And lastly, you can always check the Pippin logs. The location of the logs is set in the config under the log_file line. Default is /tmp/pippin_wallet.log.

Now it is time to get coding!

To demonstrate the capabilities of a Programmable Software Wallet, Pippin in this article, we are going to code a Nano Faucet. A Nano Faucet is a location that people can go and collect some amount of Nano for free. There exists multiple Nano Faucets around the Internet already. Here are a few reasons we are going to create a Nano Faucet in this article:

  • It demonstrates simple API calls to the Pippin server.
  • It demonstrates Pippin server’s seamless integration with a Nano Node.
  • It showcases the differences between running a Software Wallet on a server versus a client.
  • You will be introduced to the concept of idempotency.

Server vs Client Software Wallet

In Part 2 of this series we coded the functionality of a client Nano Software Wallet. In this part of the series we are using the capabilities of a server Nano Software Wallet. The main consideration you want to take when deciding whether to use a client or server Software Wallet is who owns the seed.

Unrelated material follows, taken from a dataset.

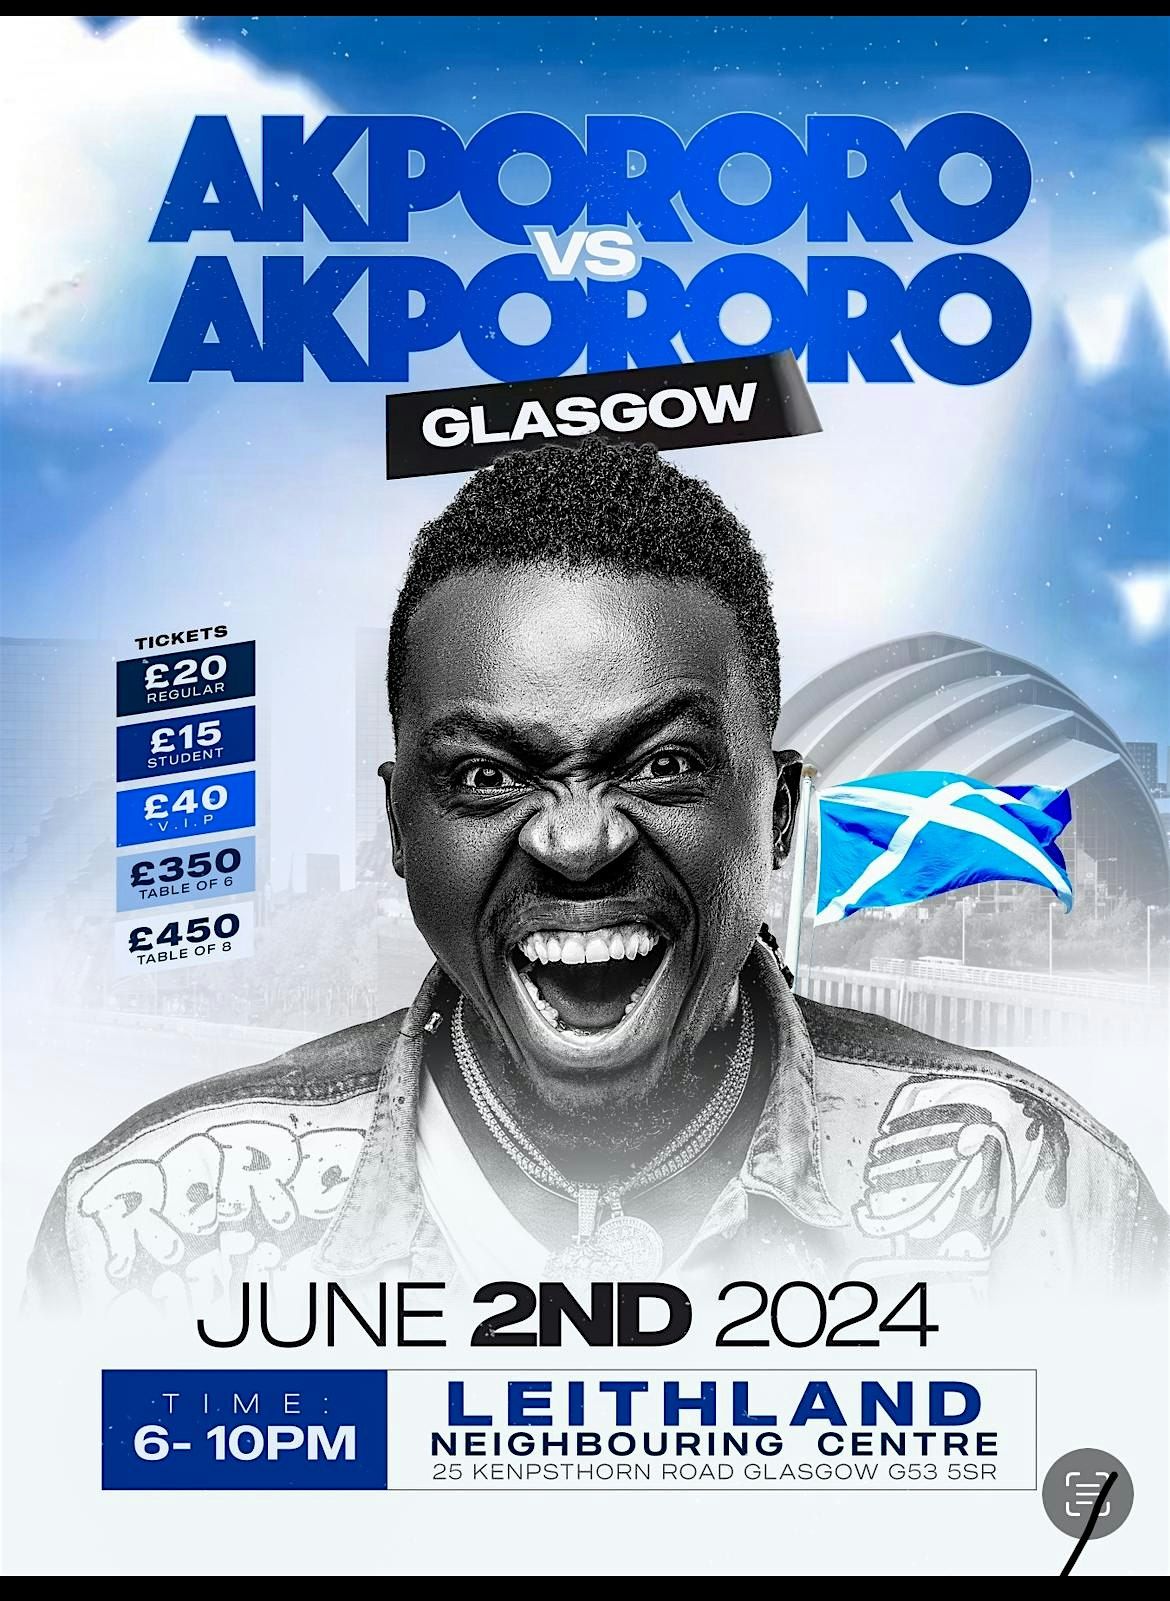 AKPORORO vs AKPORORO Live in GLASGOW, SCOTLAND Leithland

If a user of the application controls the seed, then there is no reason for the server to ever become privy to the seed, and that means a client Software Wallet is the way to go.

If you, the server operator, control the seed (as is the case in our Nano Faucet), the seed should remain on the server and users of the application should never become privy to the seed, then a server Software Wallet is the way to go.

This is a design decision that needs to be made at the beginning of your application development. Whenever possible, the client should maintain its own seed (non-custodial wallet). There are few instances where a server should be managing a user’s seed (custodial wallet). In our Nano Faucet example, however, the faucet is not a wallet for use by the user. We (the operator of the server) are the user and using Pippin as a non-custodial wallet.

Setting up the Nano Faucet

First I will walk you through running the Nano Faucet. And then, following, I will walk you through the code that built the Nano Faucet.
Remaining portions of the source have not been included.